Der Testamentsvollstrecker hat einem Erben alle von ihm zur Erfüllung seiner Aufgaben erforderlichen Auskünfte zu erteilen. Ein Testamentsvollstrecker, dessen Befugnis zur Nachlassverwaltung erloschen ist, ist verpflichtet, gegenüber dem nach ihm zur Nachlassverwaltung Berechtigten in der für Verwalter bestimmten Weise Rechenschaft abzulegen.

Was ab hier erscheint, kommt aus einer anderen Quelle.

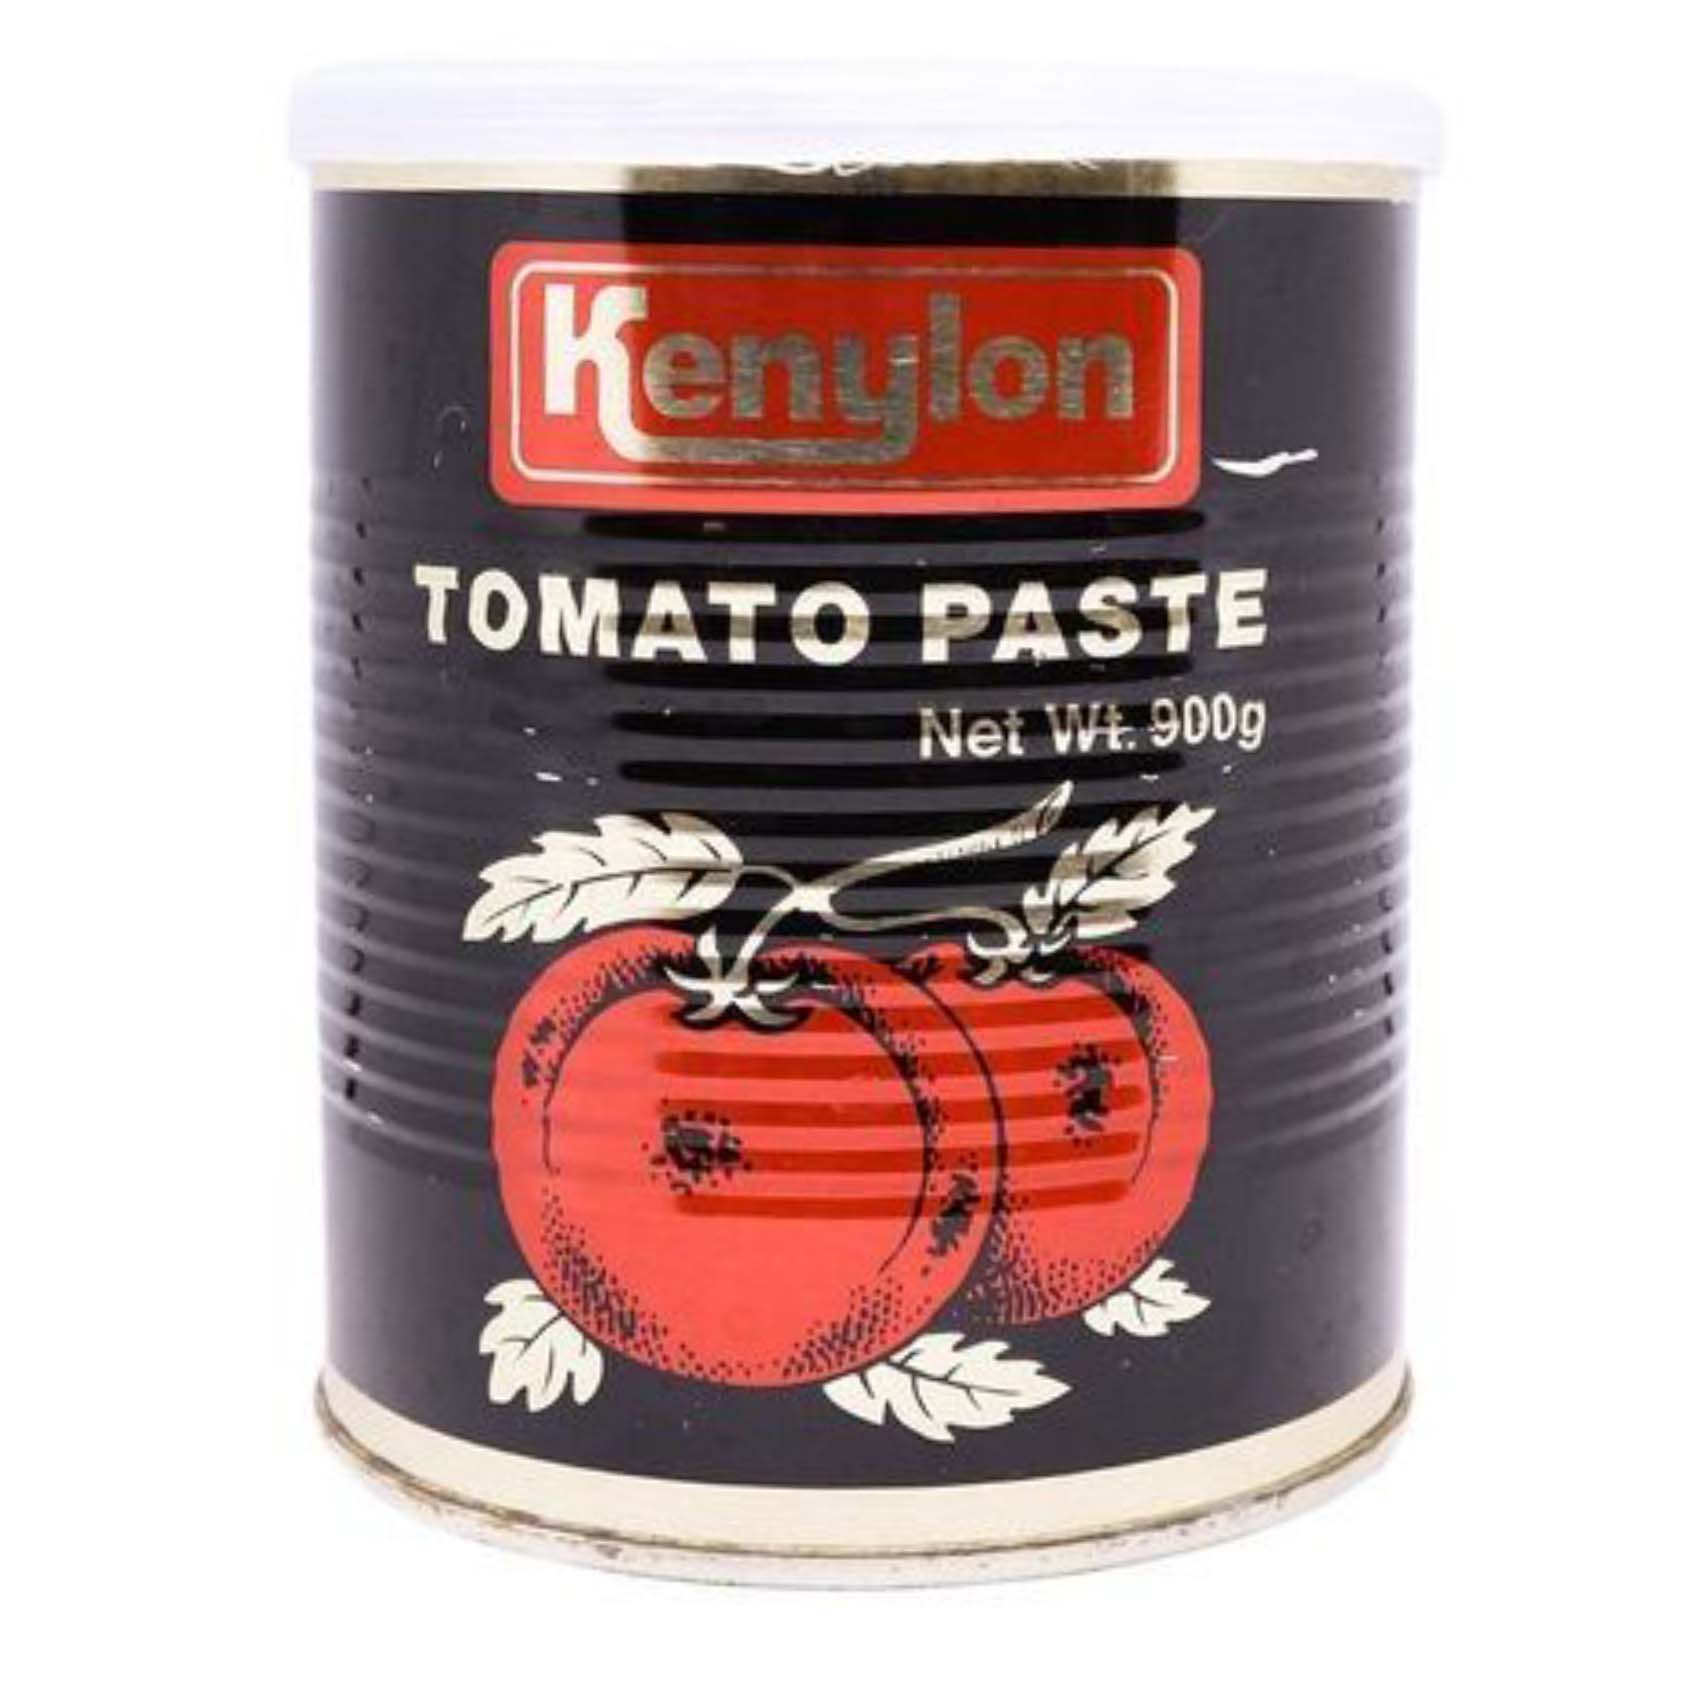 Kenylon Tomato Paste 900g

Besteht die Absicht des Erblassers, dass Sachen und Güter ohne Mitwirkung der Erben veräußert werden können oder der Nachlass von einer Person geteilt werden kann, ist ein befristetes Testament erforderlich Abwicklungsverwaltung eingerichtet, ein Administrator bestellt und die erforderlichen Befugnisse erteilt werden. Häufig bei komplexen Nachlässen oder bei vielen Erben. Die Funktion des Administrators kann der Person übertragen werden, die die Funktion des Testamentsvollstreckers ausübt, aber rechtlich handelt es sich um zwei getrennte Funktionen mit jeweils eigenen Regeln.
Vollstrecker als Beruf
Der Beruf des Testamentsvollstreckers und die Verwendung der Berufsbezeichnung ist nicht reguliert, es gibt keine allgemeine Verschwiegenheitspflicht, keine nationale unabhängige Beschwerdestelle und der Beruf darf ohne entsprechende Ausbildung ausgeübt werden.[17] Titel oder Kennzeichen wie Registry-Executor, zertifizierter Testamentsvollstrecker oder vereidigter Testamentsvollstrecker haben daher keine rechtliche Bedeutung. Es gibt zwei Berufsgenossenschaften, denen jeder nach ein paar Tagen Ausbildung beitreten kann, ein Berufsverband verpflichtet die Mitglieder zusätzlich zur Unterzeichnung eines Verhaltenskodex und zum Abschluss einer Berufshaftpflichtversicherung. Es ist möglich, dass jemand aus einem reglementierten Beruf als Testamentsvollstrecker tätig ist und an Regeln gebunden ist, wie zum Beispiel ein registrierter Buchhalter, Rechtsanwalt oder Notar.